__Exercise description__:
From the material below, set down exactly the lines that run from the one containing "Rooms & Suites in New York" to the one containing "Tucson Kids T-shirt | Black", minus the pictures.

__Record extracts__:
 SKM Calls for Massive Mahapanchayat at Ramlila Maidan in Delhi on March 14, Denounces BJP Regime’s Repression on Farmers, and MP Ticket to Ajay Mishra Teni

...

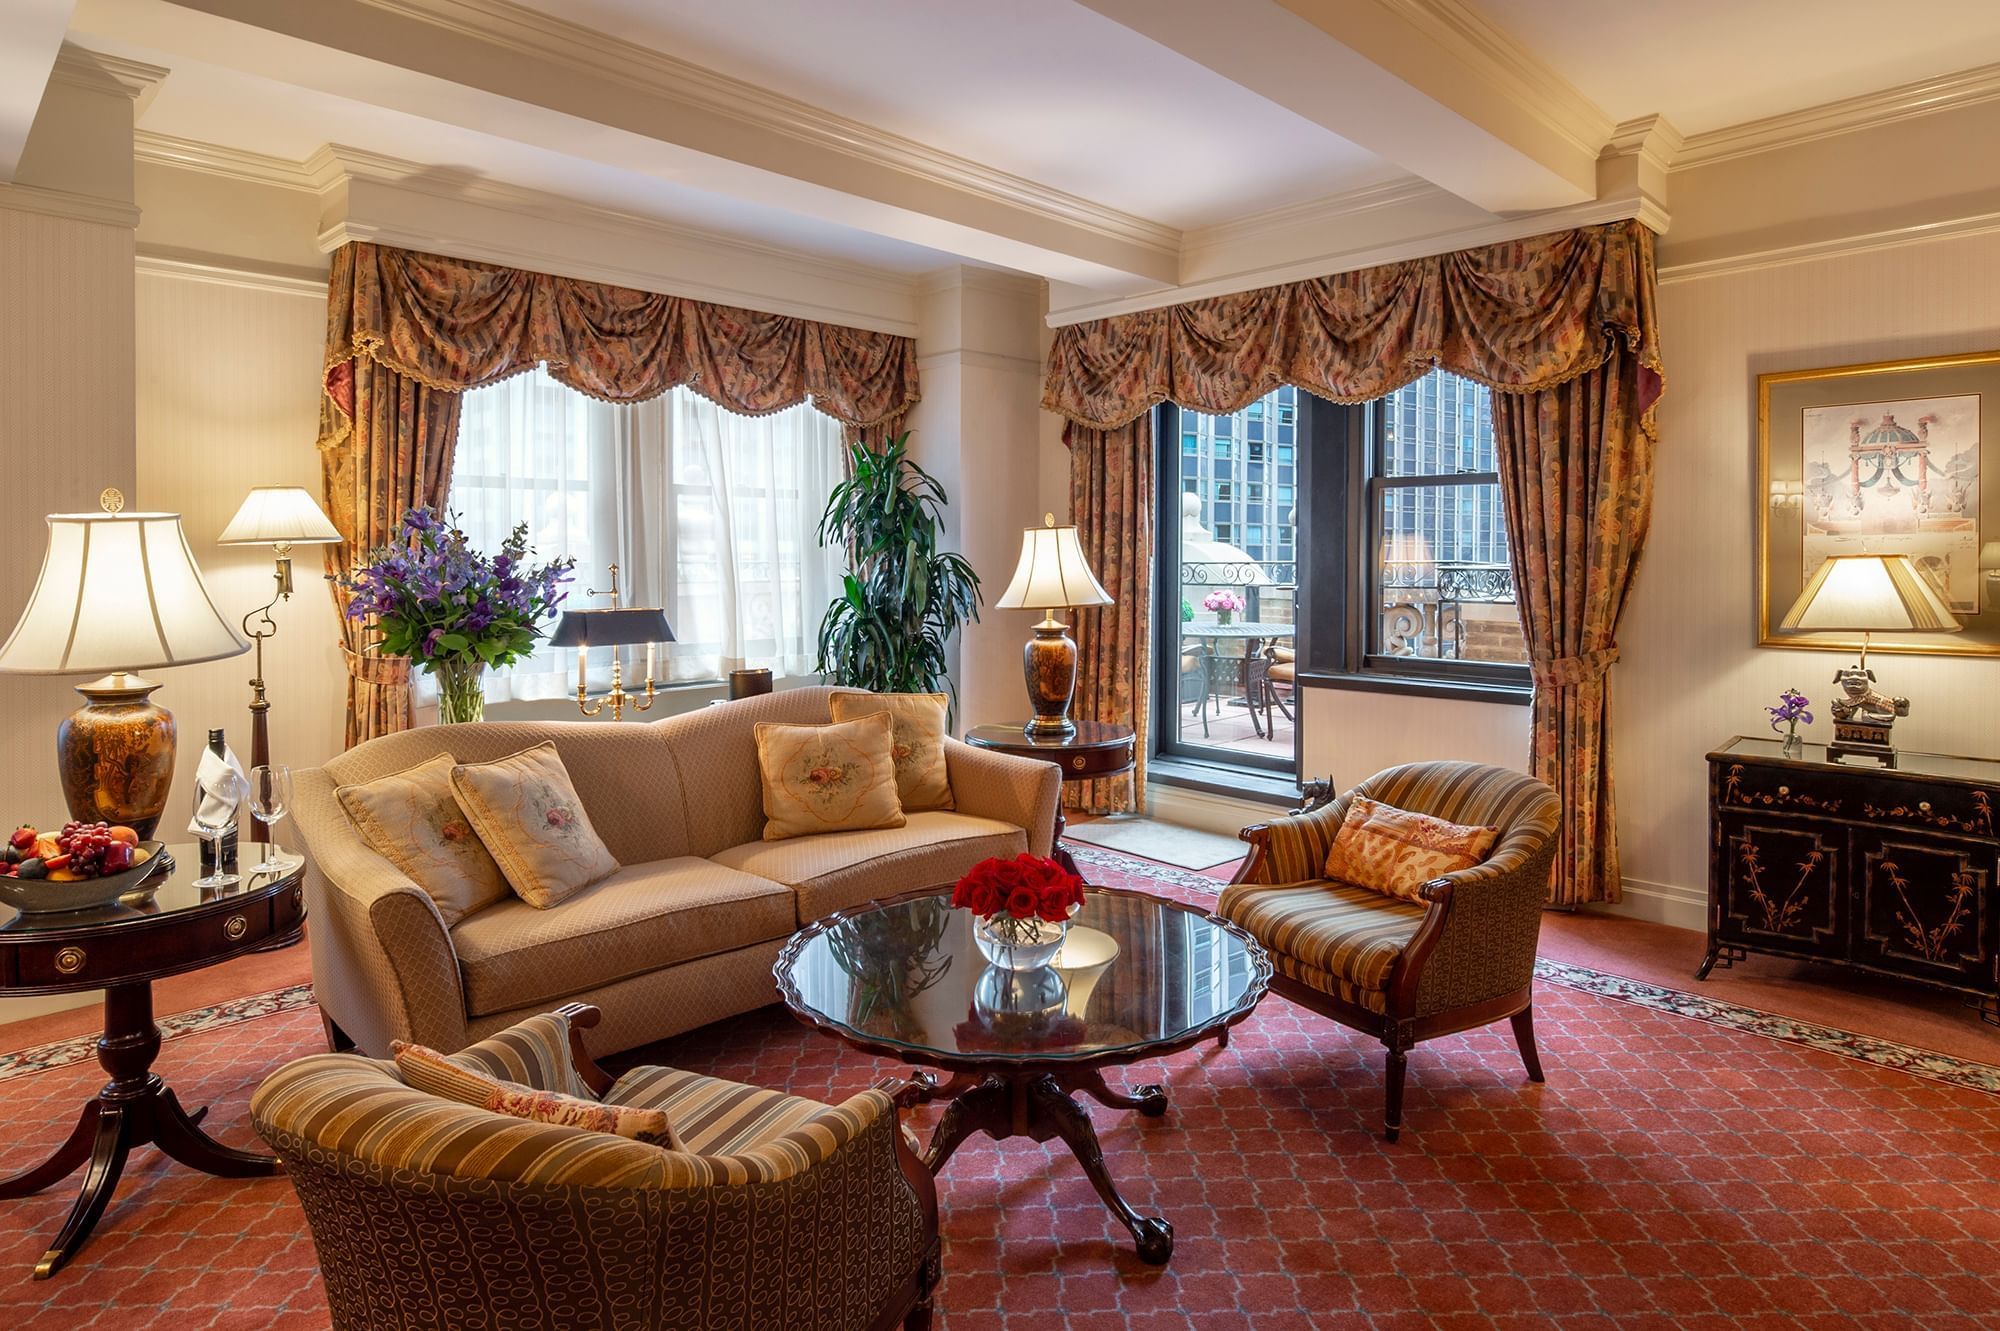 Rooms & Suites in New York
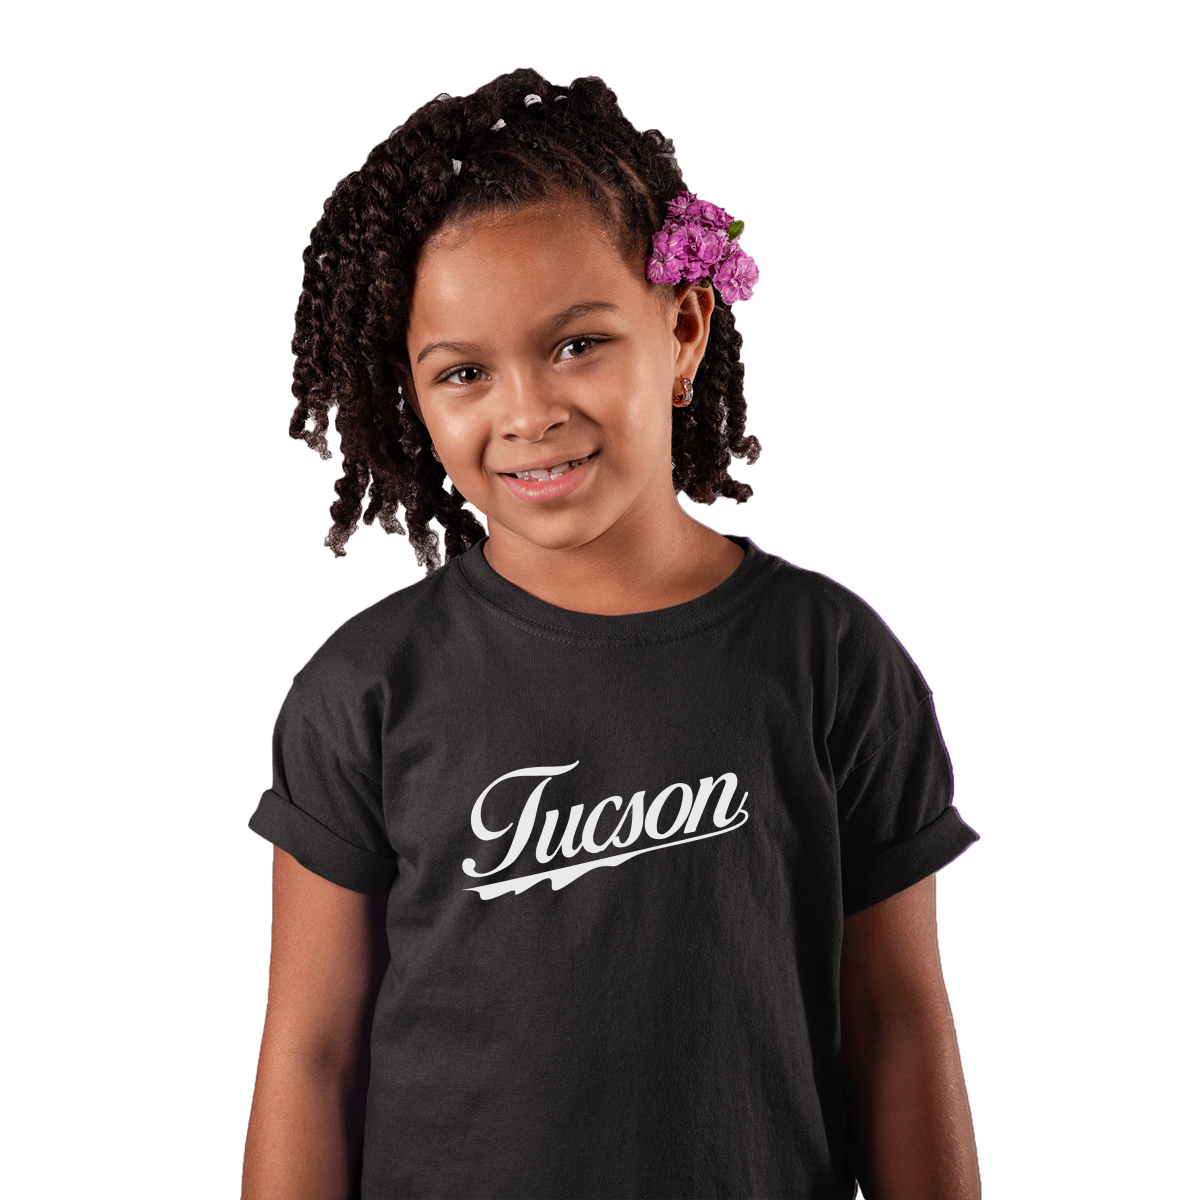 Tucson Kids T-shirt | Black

__Output for this exercise__:
 Rooms & Suites in New York
 Tucson Kids T-shirt | Black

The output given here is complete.